Bob Cramblitt reports on Tim Lister’s talk from Business of Software 2007. To sign up for the BoS 2008, visit www.businessofsoftware.org
“Tim Lister is an anthropologist,” says Simon Galbraith, co-CEO of Red Gate Software. It’s an apt description. Lister uncovers the often-hidden patterns that constitute software culture, everything from the developers’ war against perceived inferiors (i.e. marketing wonks) within the company, to the smell of dead fish that permeates a project that’s doomed from the beginning.
More than 70 patterns are outlined in the upcoming book, Project Patterns: From Adrenaline Junkies to Template Zombies, co-authored by Lister. Here are some of the ones he discussed in his Business of Software 2007 presentation:
- Mañana – the loss of a natural sense of urgency.
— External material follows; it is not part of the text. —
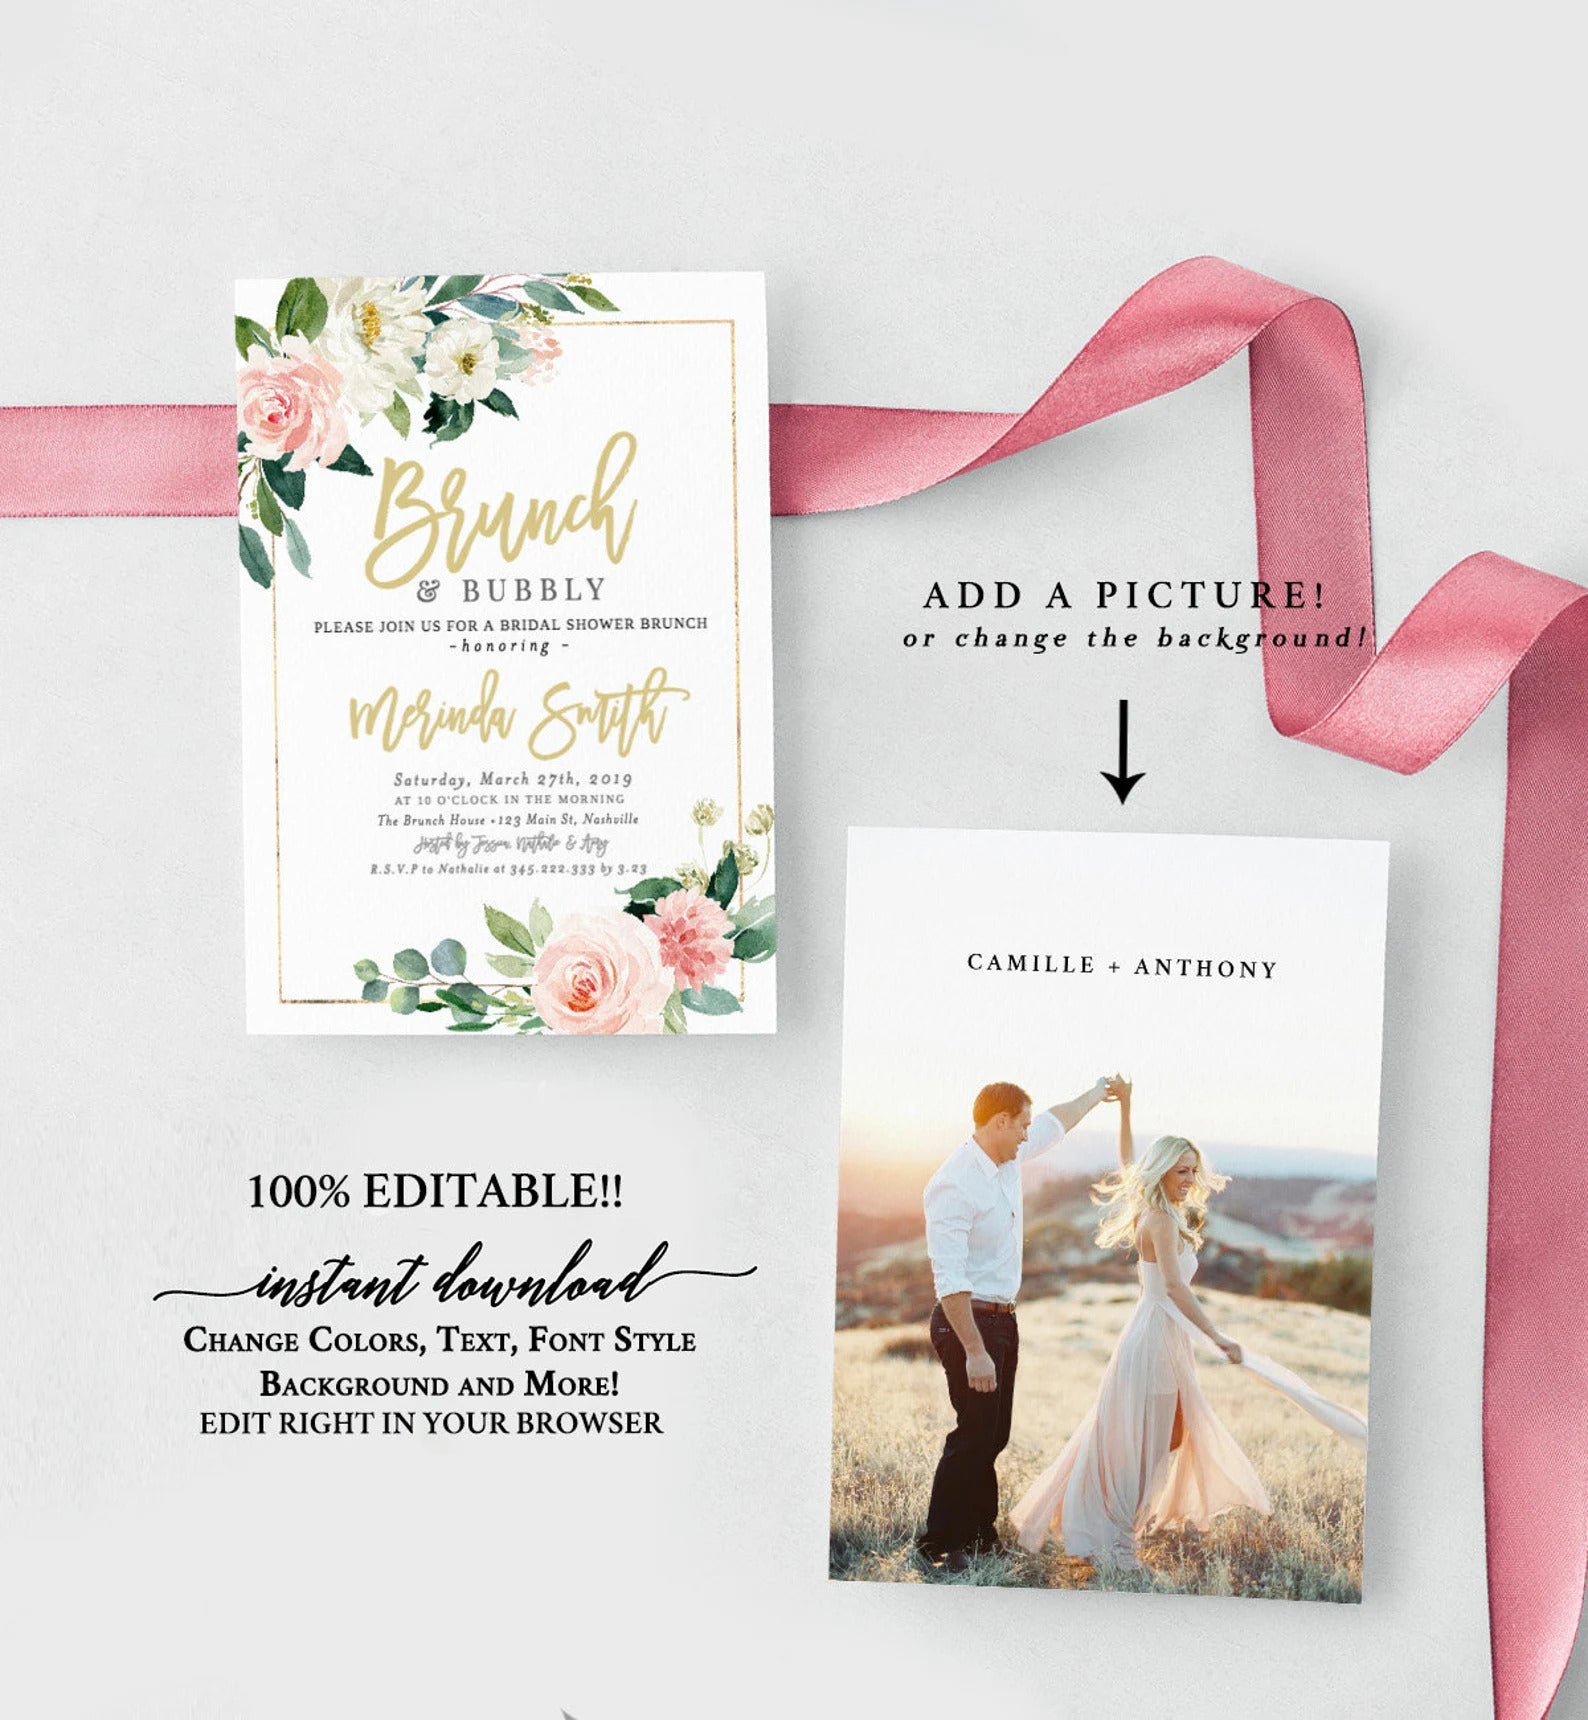 Watercolor Floral Brunch and Bubbly Invitation

Agile development fights mañana.
- The dead fish of failure – projects that are dead from the start. Everyone smells it right away, but they hunker down and work.
- Lessons unlearned – Retrospectives rarely trigger change.
- What smell? – People in the organization cannot detect its underlying vitality or decay.
- Marilyn Munster – Like the normal girl among the monsters in the old TV family, the esteem often given technical workers versus managerial staff varies. In some organizations, developers are king; in others they are pawns.
- Surprise! – The manager offering rewards and incentives gets responses in addition to those he planned.
- Everyone wears clothes for a reason – Complete openness grinds progress to a halt.
- Music – people with real musical skills are disproportionably represented, sometimes extremely so, in technology organizations.
Lister’s essential message: Look for patterns, name them, then propagate or defeat them.